» Dataset entries:
[Start of Attachment]

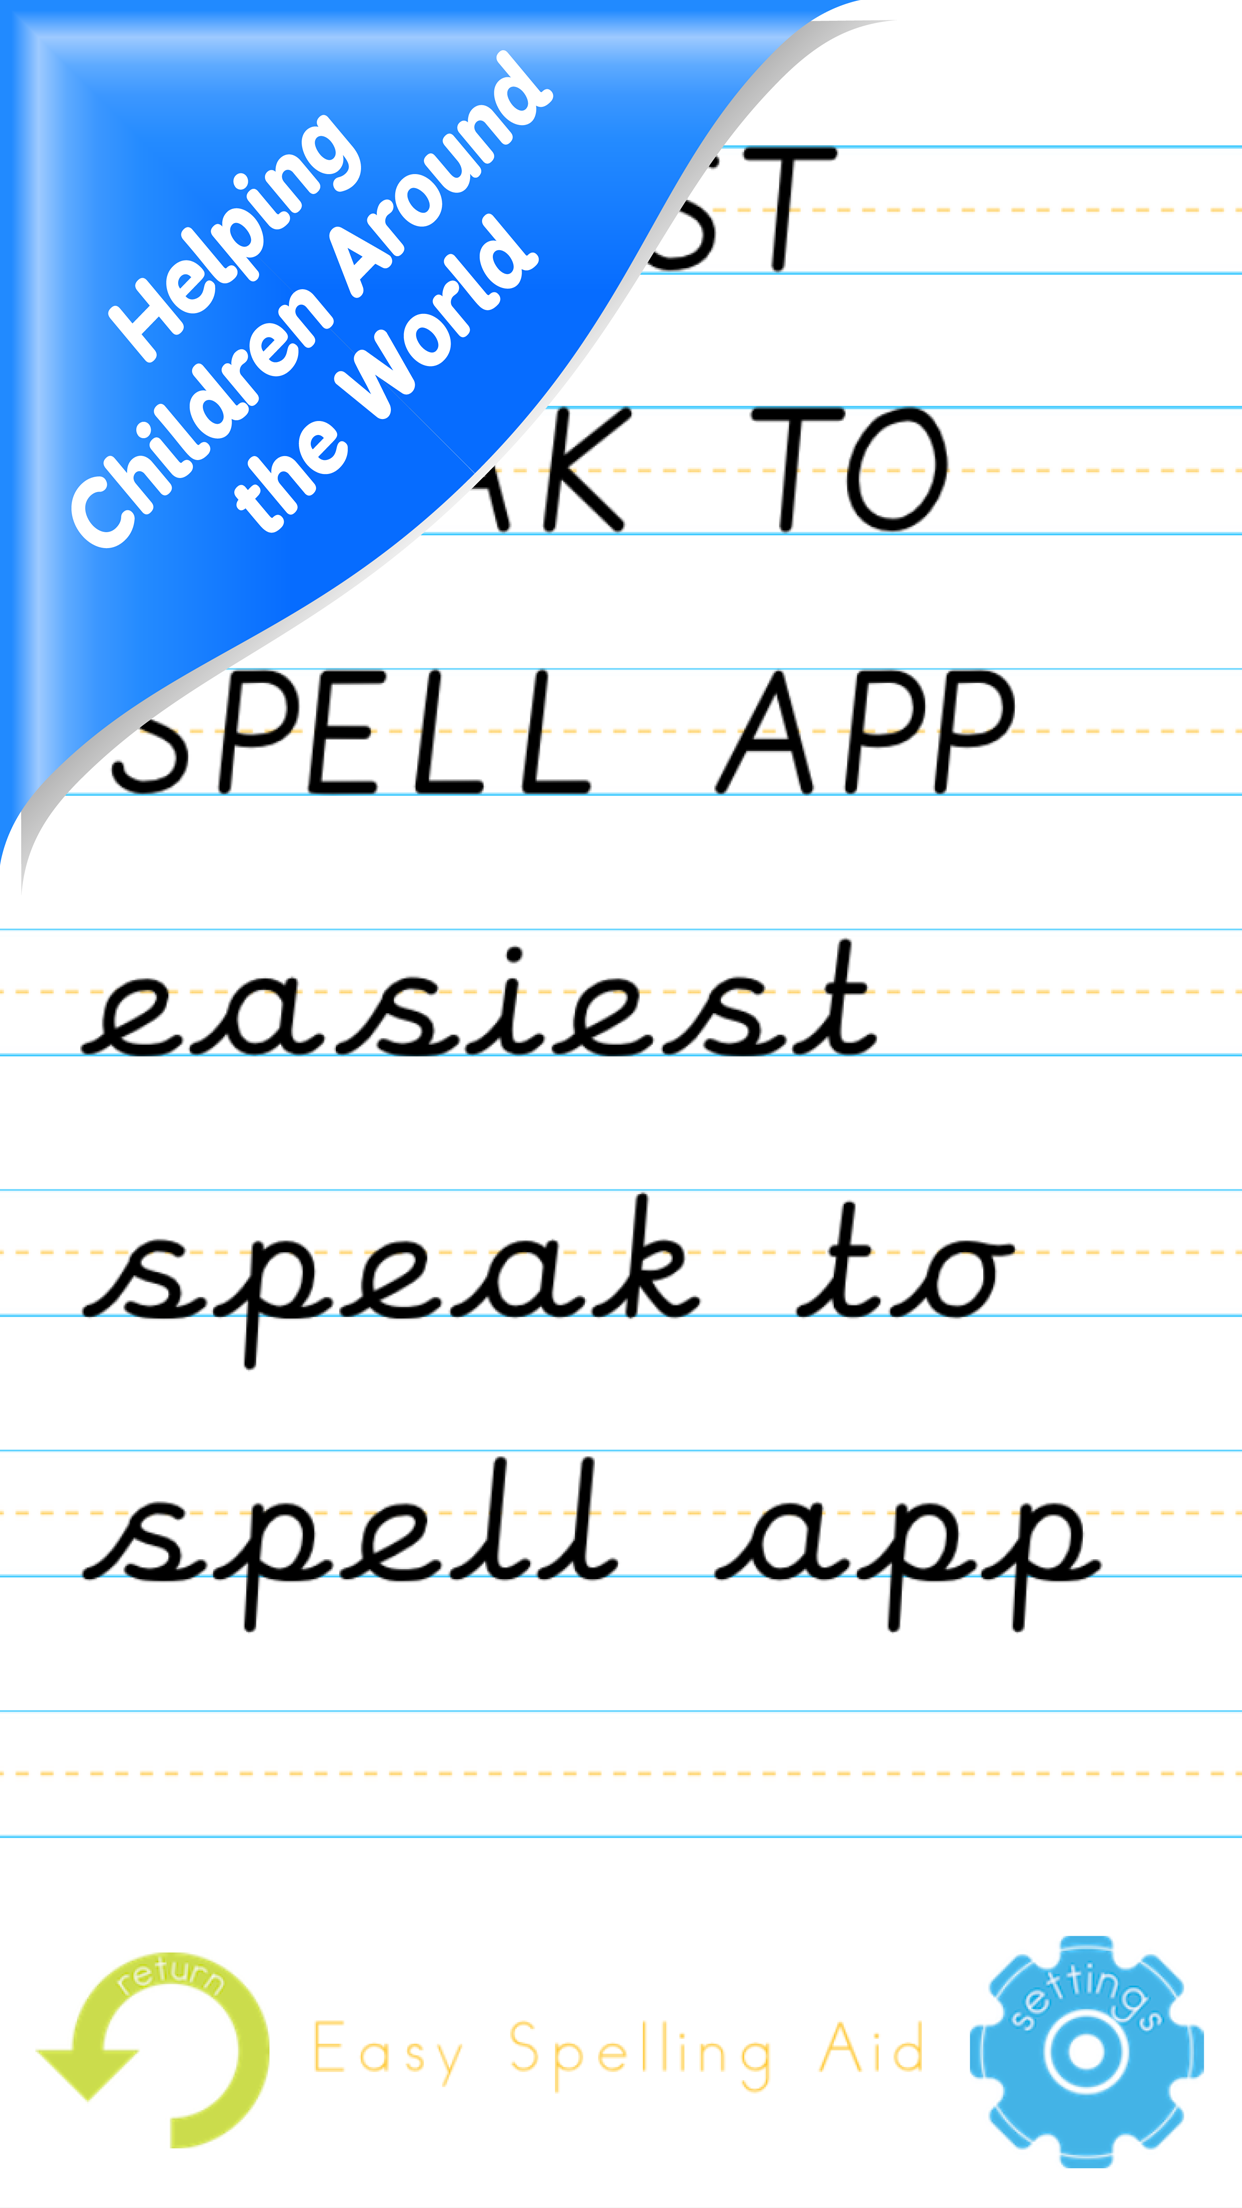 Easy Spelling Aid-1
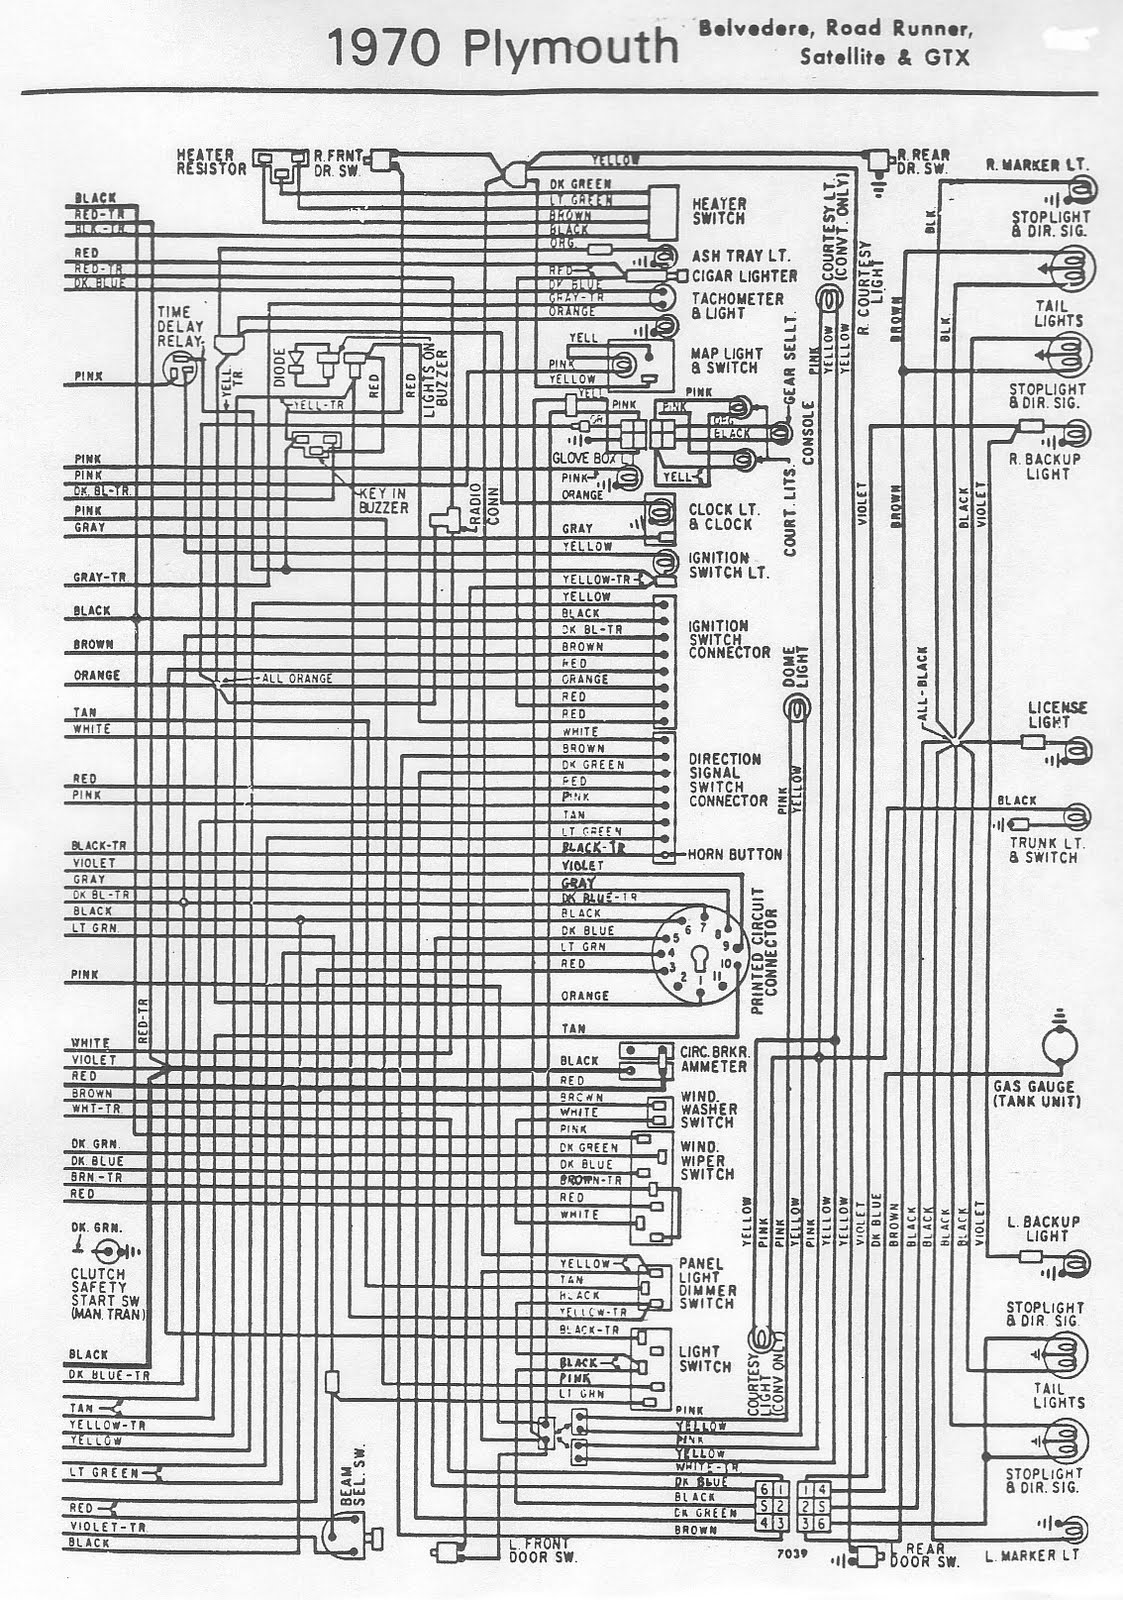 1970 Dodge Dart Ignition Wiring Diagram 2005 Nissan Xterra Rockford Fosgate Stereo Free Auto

[End of Attachment]
[Start of Attachment]

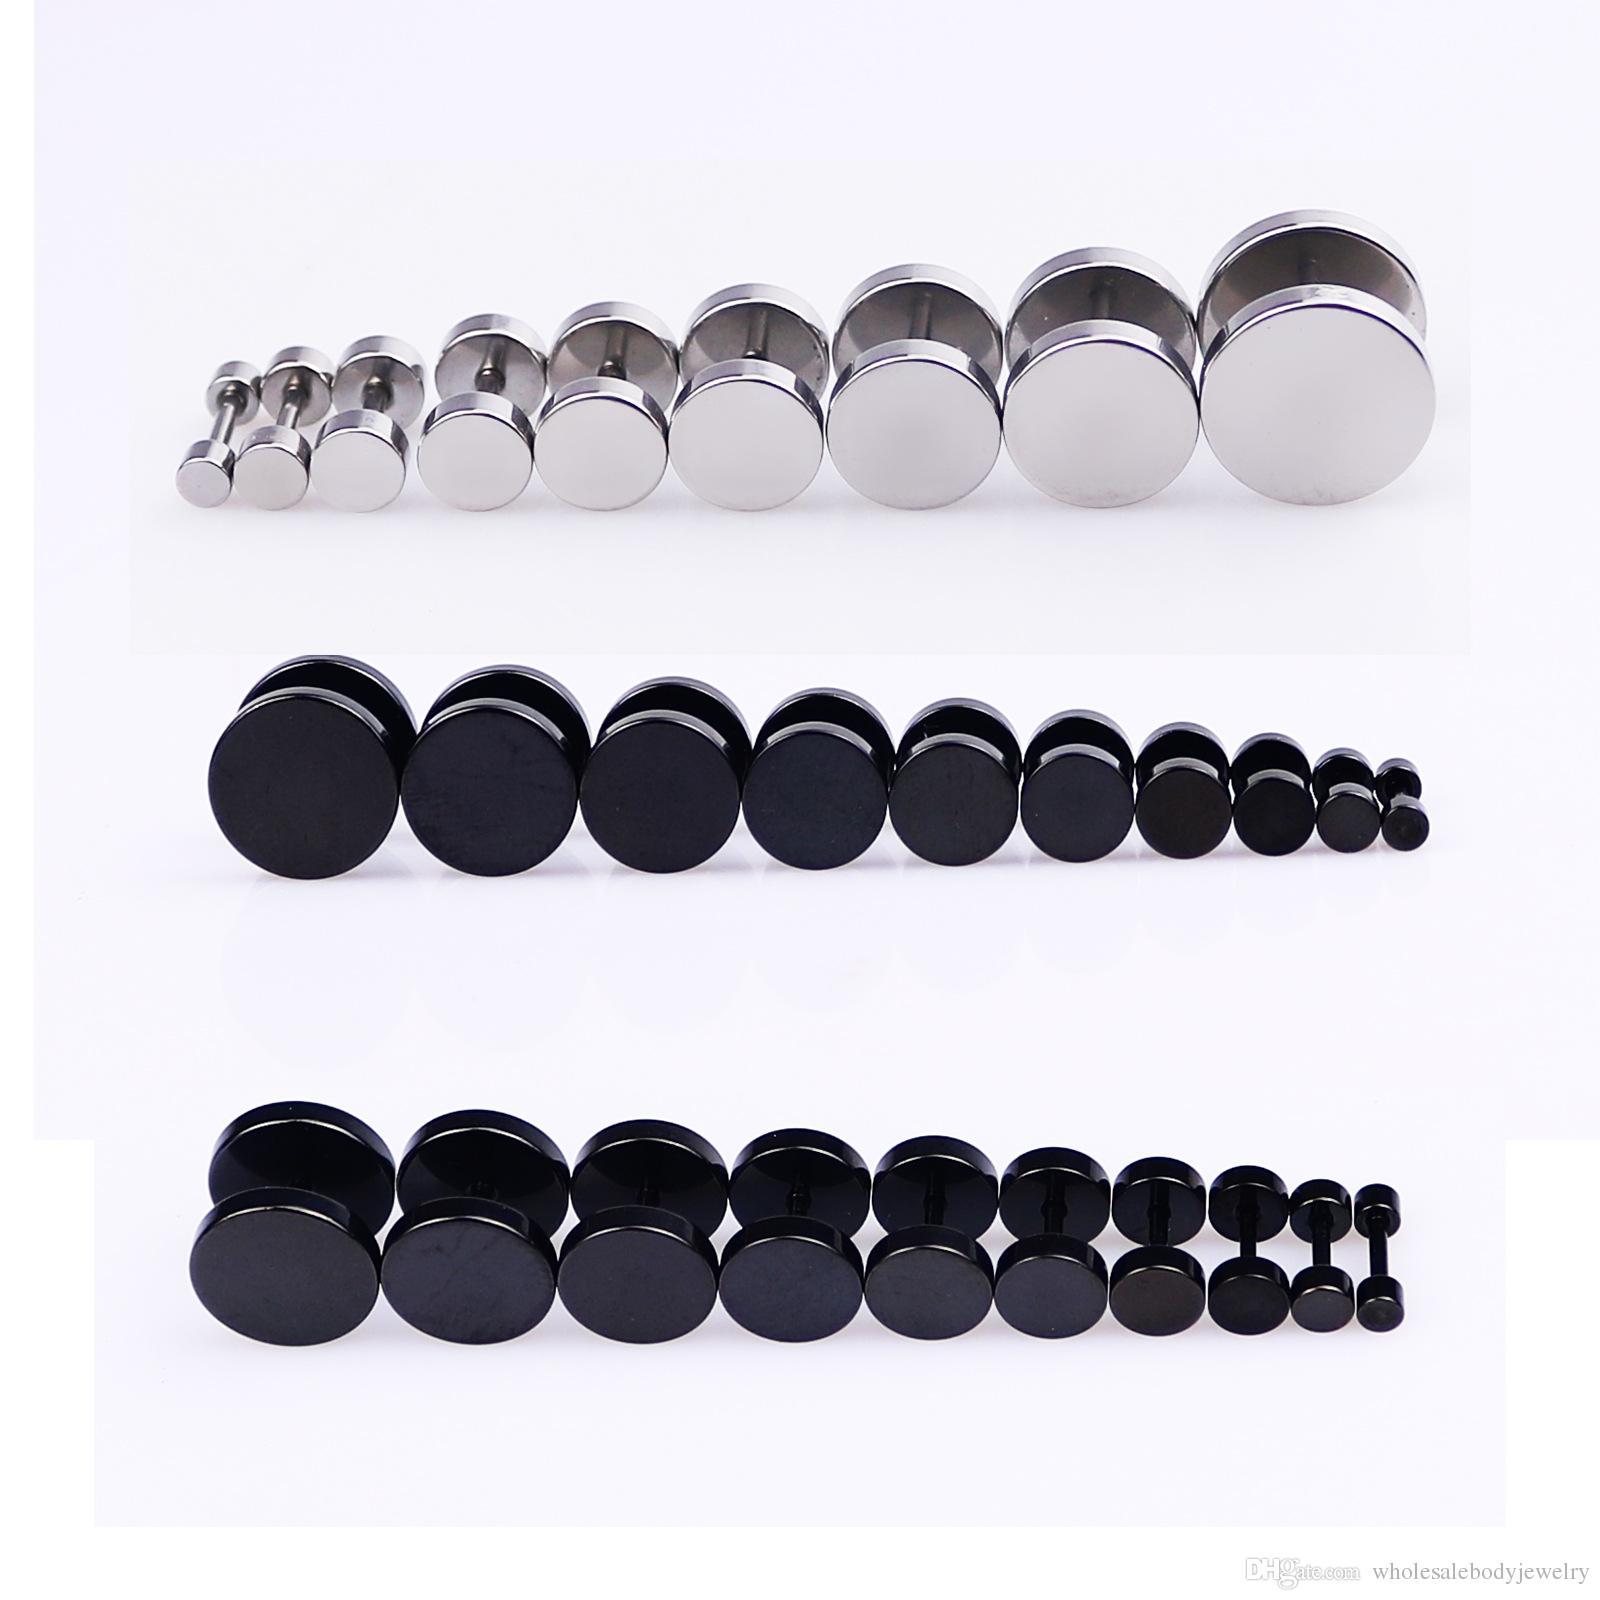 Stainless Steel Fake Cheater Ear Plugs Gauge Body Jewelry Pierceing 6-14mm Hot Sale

[End of Attachment]

Within the listing above, the lines starting at the one containing "Easy Spelling Aid-1" and ending at the one containing "1970 Dodge Dart" are to be returned exactly. Omit the pictures.

» Task solution:
 Easy Spelling Aid-1
 1970 Dodge Dart Ignition Wiring Diagram 2005 Nissan Xterra Rockford Fosgate Stereo Free Auto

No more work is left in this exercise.